Override the default model with `--model`:
```bash
repoguide --provider anthropic --model claude-opus-4-6
repoguide --provider openai --model gpt-4o-mini
repoguide --provider ollama --model codellama
```

### Supported Frameworks

The stack detection recognizes: Next.js, React, Vue, Nuxt, SvelteKit, Express, NestJS, FastAPI, Flask, Django, Streamlit, Astro, Remix, Gatsby, and generic Node/Python projects.

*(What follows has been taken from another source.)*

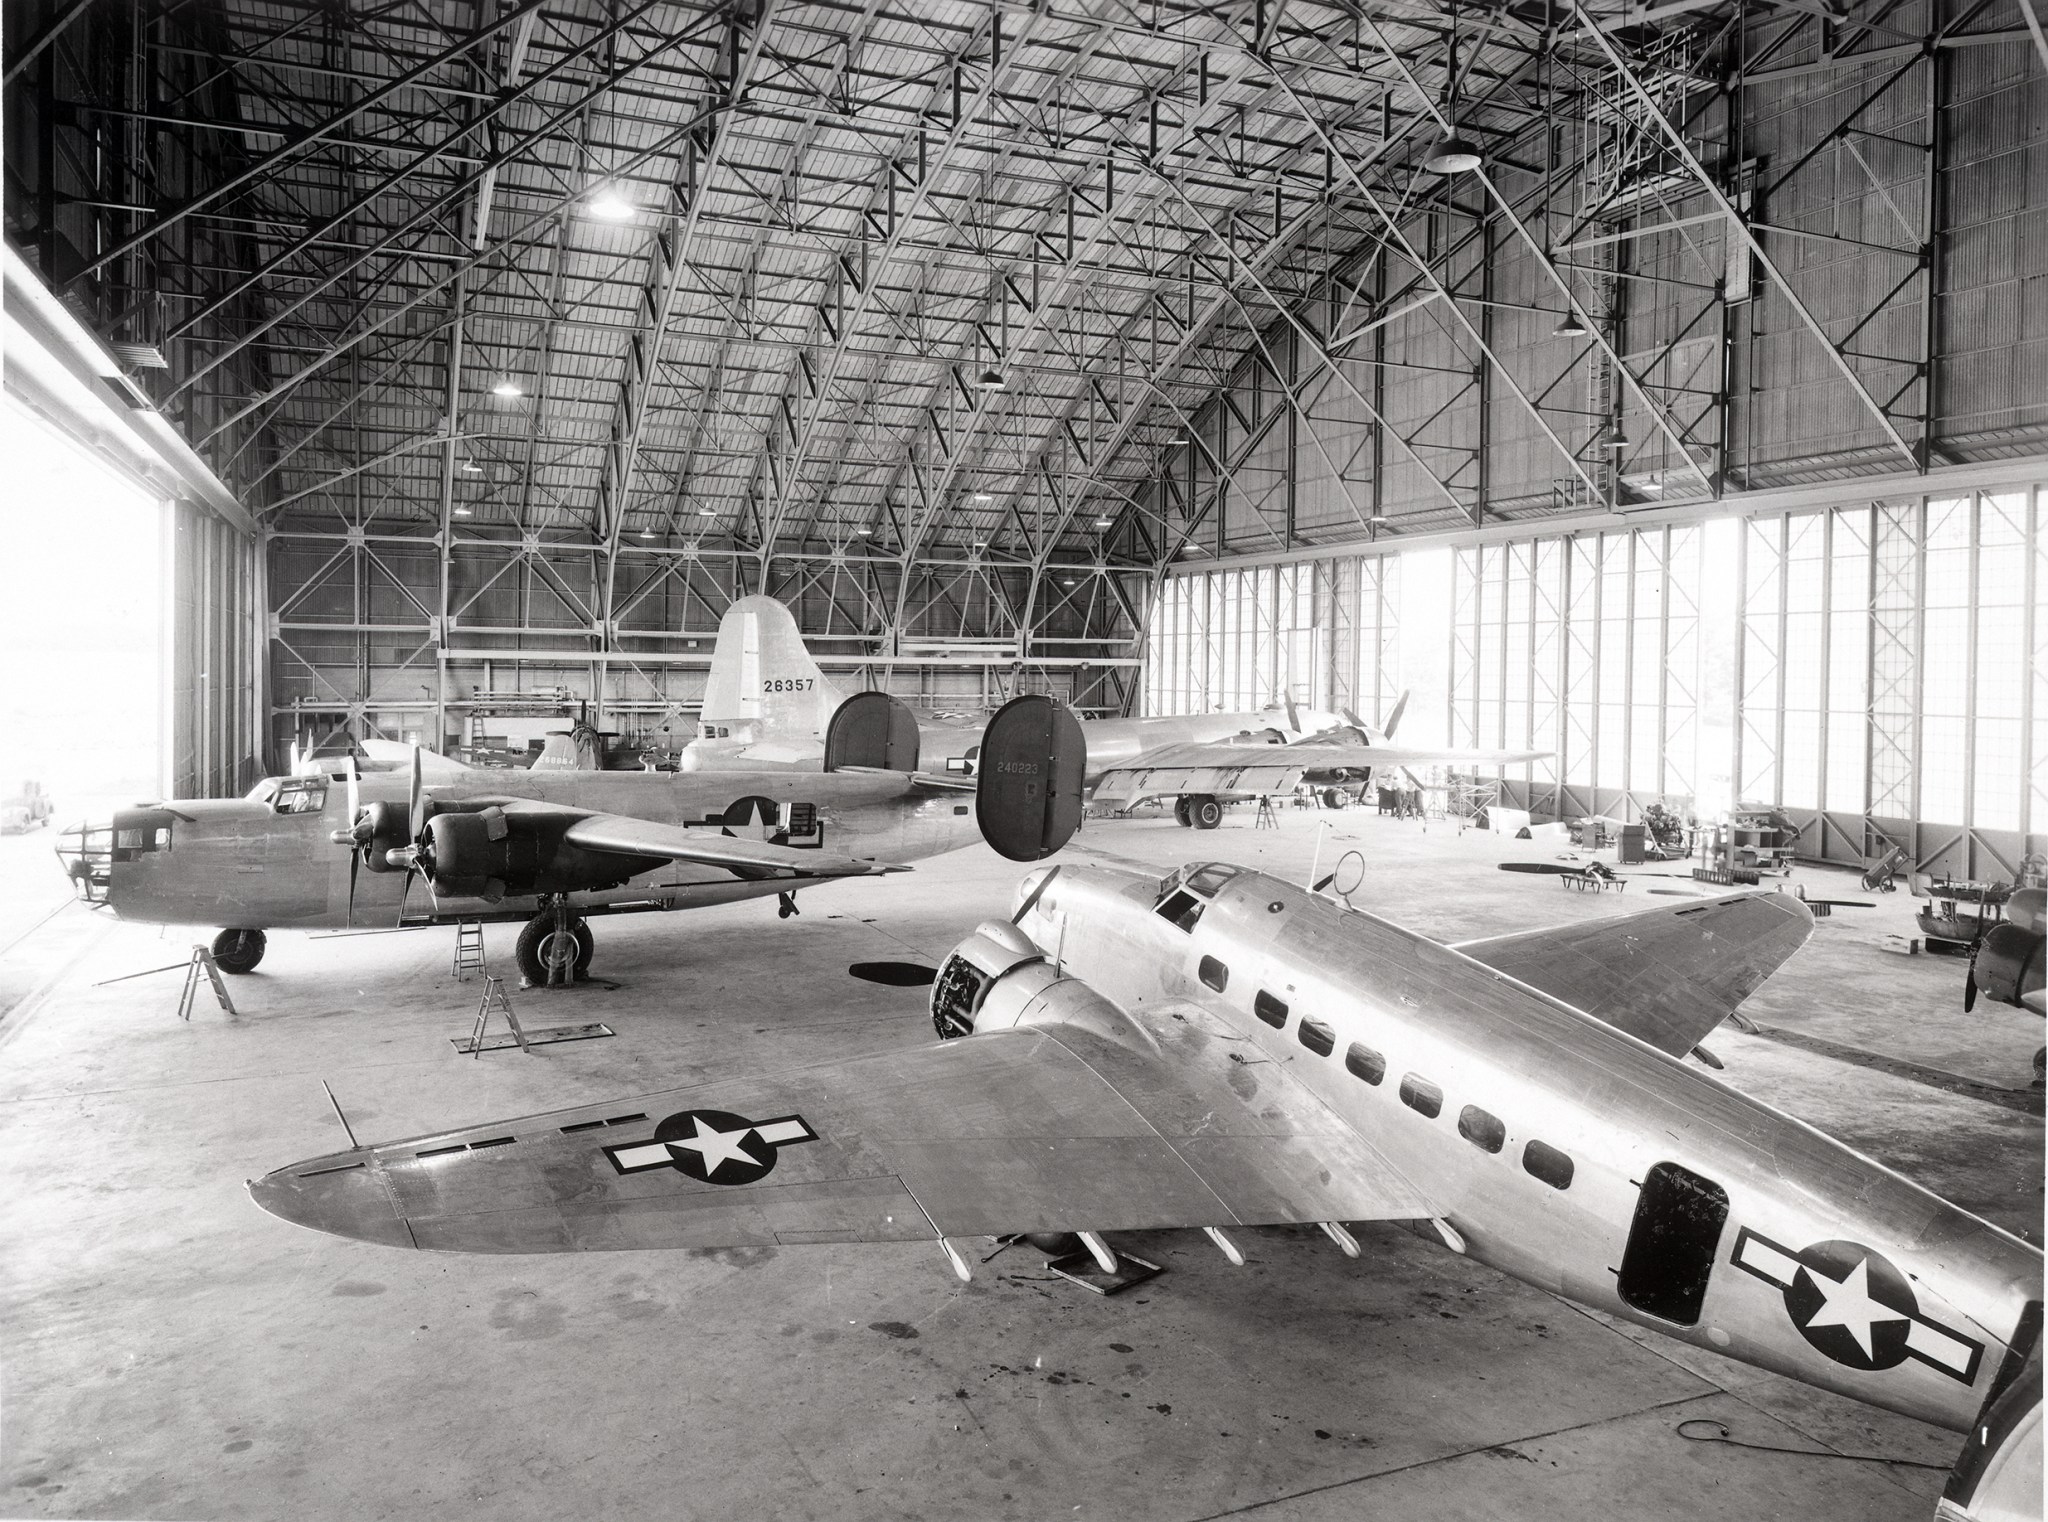 Several World War II-era aircraft inside the hangar in 1944
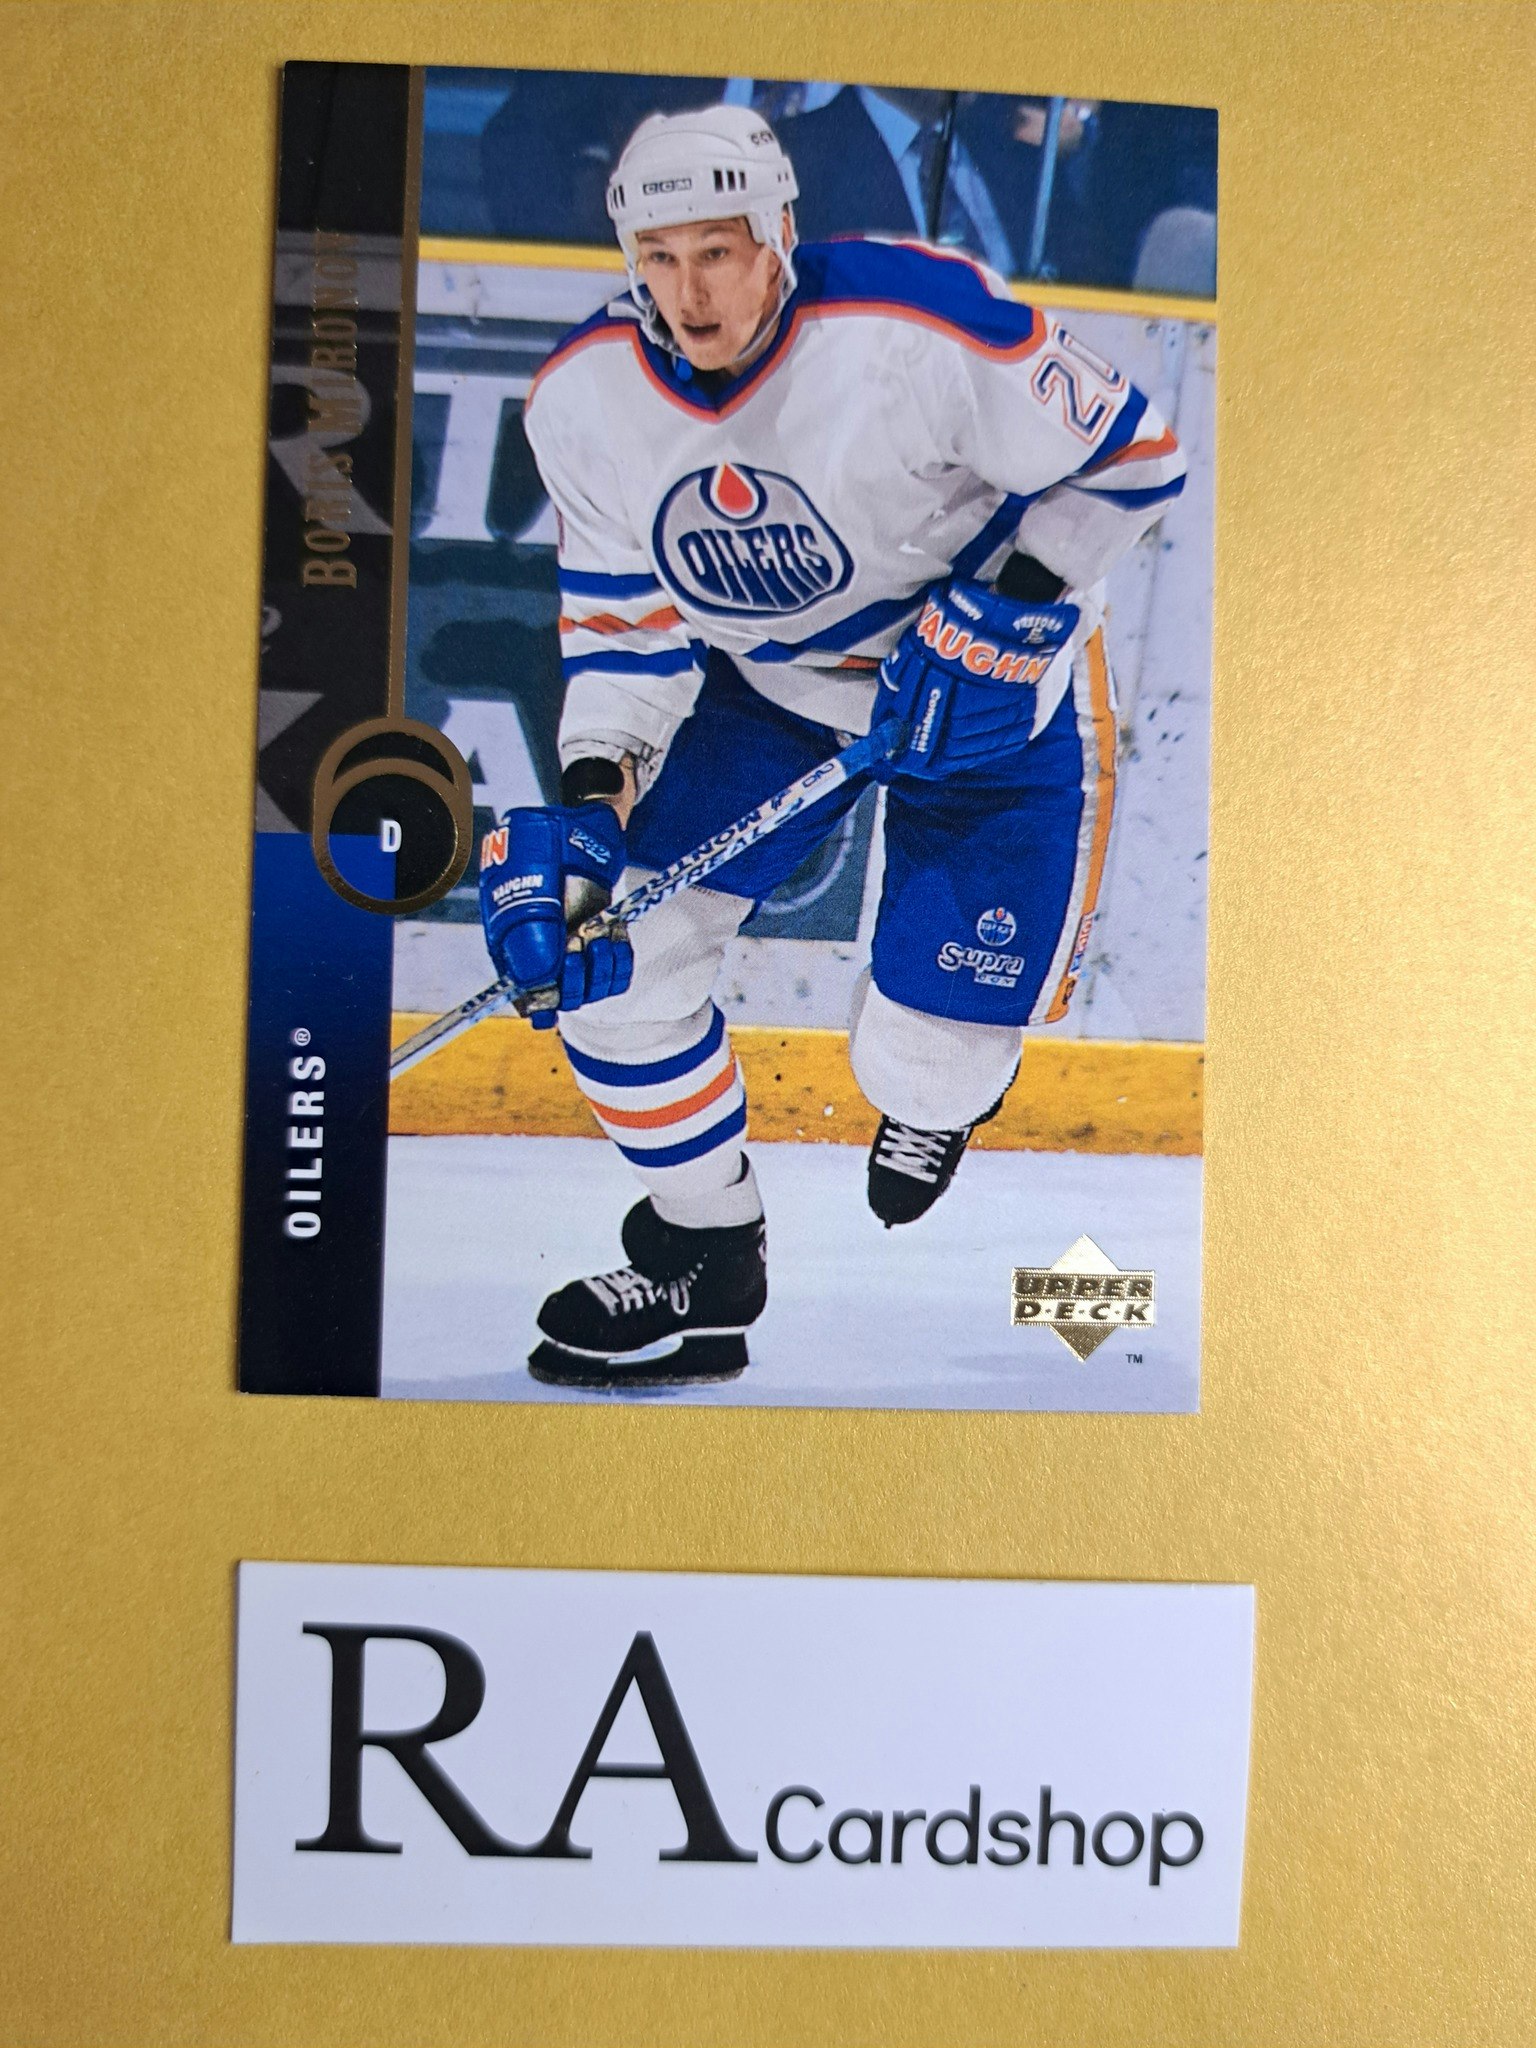 Boris Mirinov 94-95 Upper Deck #172 NHL Hockey

Adding a new framework means adding entries to the detection maps — no logic changes needed.

---

## Example Output

Run RepoGuide against any local repo to generate a full `ONBOARDING.md`. The output covers architecture, tech stack, entry points, key patterns, setup instructions, and areas of complexity — written in a direct, specific tone with actual file names and function references.

---

## Adding a New Provider

1. Create a class in `providers.py` that inherits from `LLMProvider`
2. Implement `generate(system_prompt, user_message, max_tokens) -> str`
3. Implement `validate_config() -> str | None`
4. Add it to the `PROVIDERS` dict

The MCP server, scanning logic, and output format are all provider-agnostic.

---

## Design Principles

RepoGuide uses the MCP client/server pattern (FastMCP framework) applied to a developer tooling problem. The provider abstraction demonstrates clean separation between orchestration logic and model calls — the LLM is a swappable component, not the product.